Sara Alice Britcliffe (born 21 February 1995) is a British Conservative Party politician, who has served as the Member of Parliament (MP) for Hyndburn since the general election of 2019. At the age of 24, she was the youngest Conservative MP elected in the election, and the first to represent the constituency since 1992. She was also a councillor on Hyndburn Borough Council between 2018 and 2021. She has been the Vice Chairman of the Conservative Party for Youth since September 2022.

Early life
Britcliffe attended St Christopher's Church of England High School, Accrington. Her father, Peter, is the councillor for the Oswaldtwistle division on Lancashire County Council. She has two older brothers. Her mother, Gabrielle Kroger, died in 2004, when Britcliffe was nine years old.

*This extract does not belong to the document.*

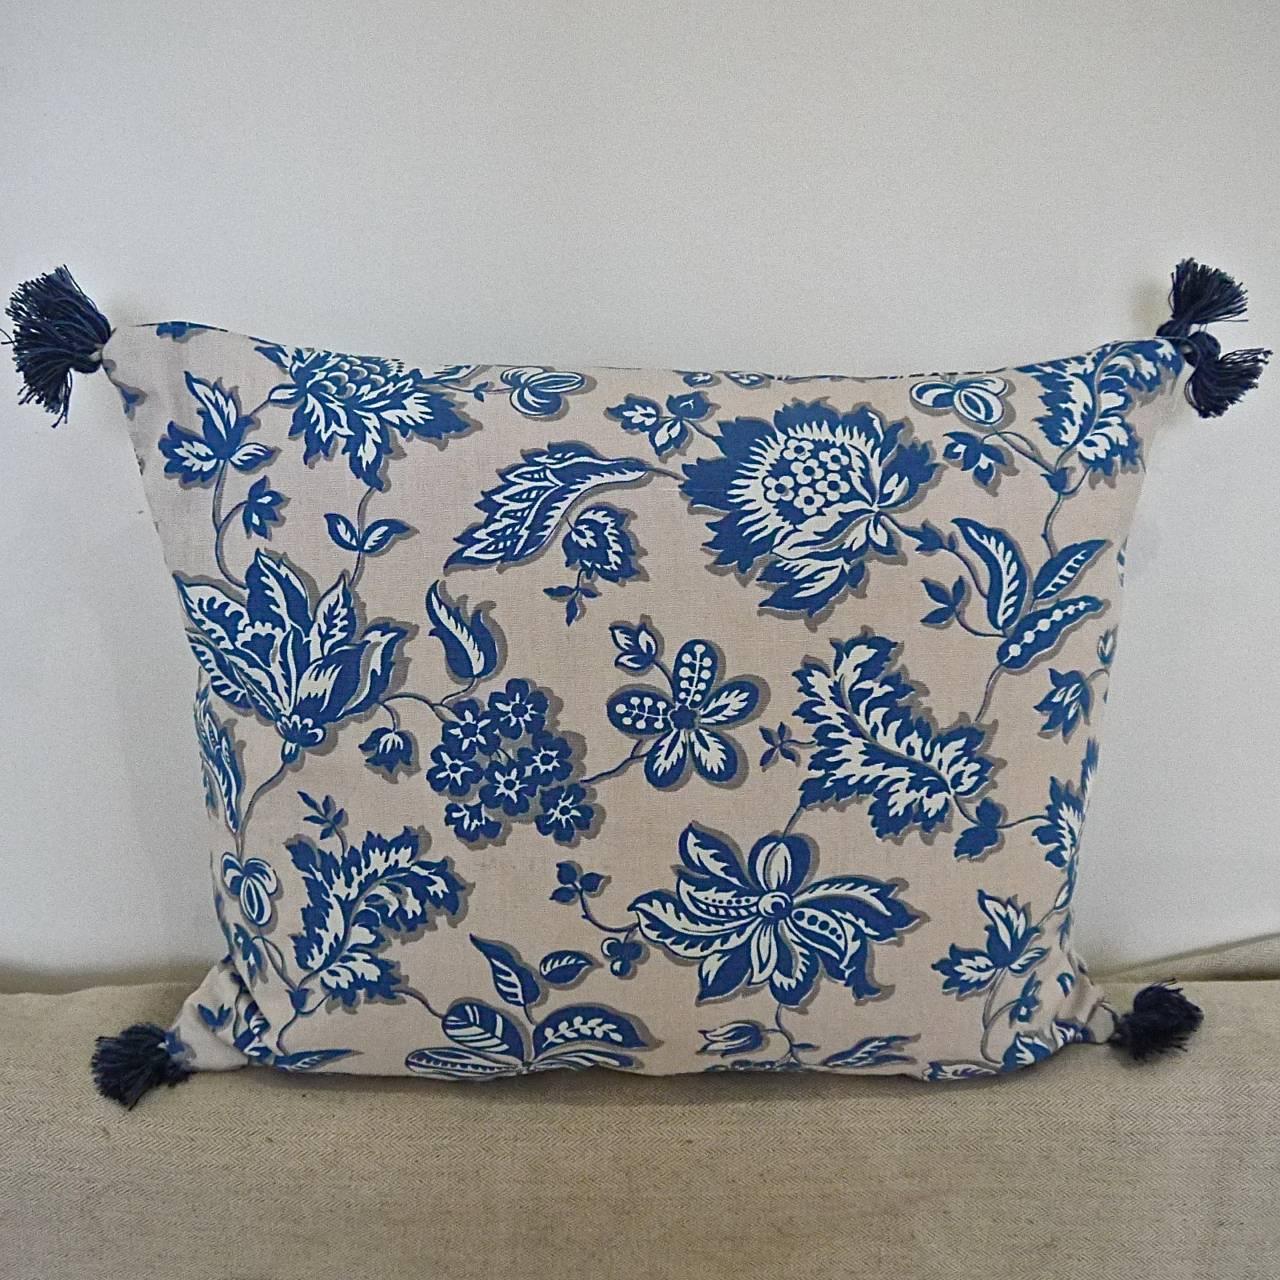 French cotton cushion printed with stylized fresh blue and white flowers and leaves on a soft off-white ground, circa 1930-1940s. Backed in the same design with vintage French blue cotton tassels on each corner. Slip-stitched closed with a duck

She studied modern languages at the University of Manchester.

Britcliffe served in the ceremonial role of mayoress between 2017 and 2018, alongside her father, who was the mayor on Hyndburn Borough Council. He stood down from the council in 2018. She was elected as a councillor for the ward of St. Andrews (previously represented by her father) at the 2018 Hyndburn Borough Council election. Britcliffe did not stand in the next election in 2021 and her seat was won by her father. Prior to her political career, she managed a sandwich shop in Oswaldtwistle.

Parliamentary career
Britcliffe was selected as the Conservative candidate for the constituency of Hyndburn on 6 November 2019. Her father had previously contested the seat at the general elections of 1997 and 2001. She was elected as MP for the constituency at the general election of 2019, with a majority of 2,951 (7.0%). The seat had been represented by Labour Party MPs since the general election of 1992. Its last Conservative MP was Ken Hargreaves, who had held the seat from 1983 to 1992. At the age of 24, she was the youngest Conservative MP elected in the election.

Her first overseas trip was to Pakistan, as part of an all-party delegation in February 2020. Britcliffe was a member of the Women and Equalities Committee between March 2020 and March 2021. She is a member of the parliamentary council of the centre-right think tank the Northern Policy Foundation, and of the Northern Research Group.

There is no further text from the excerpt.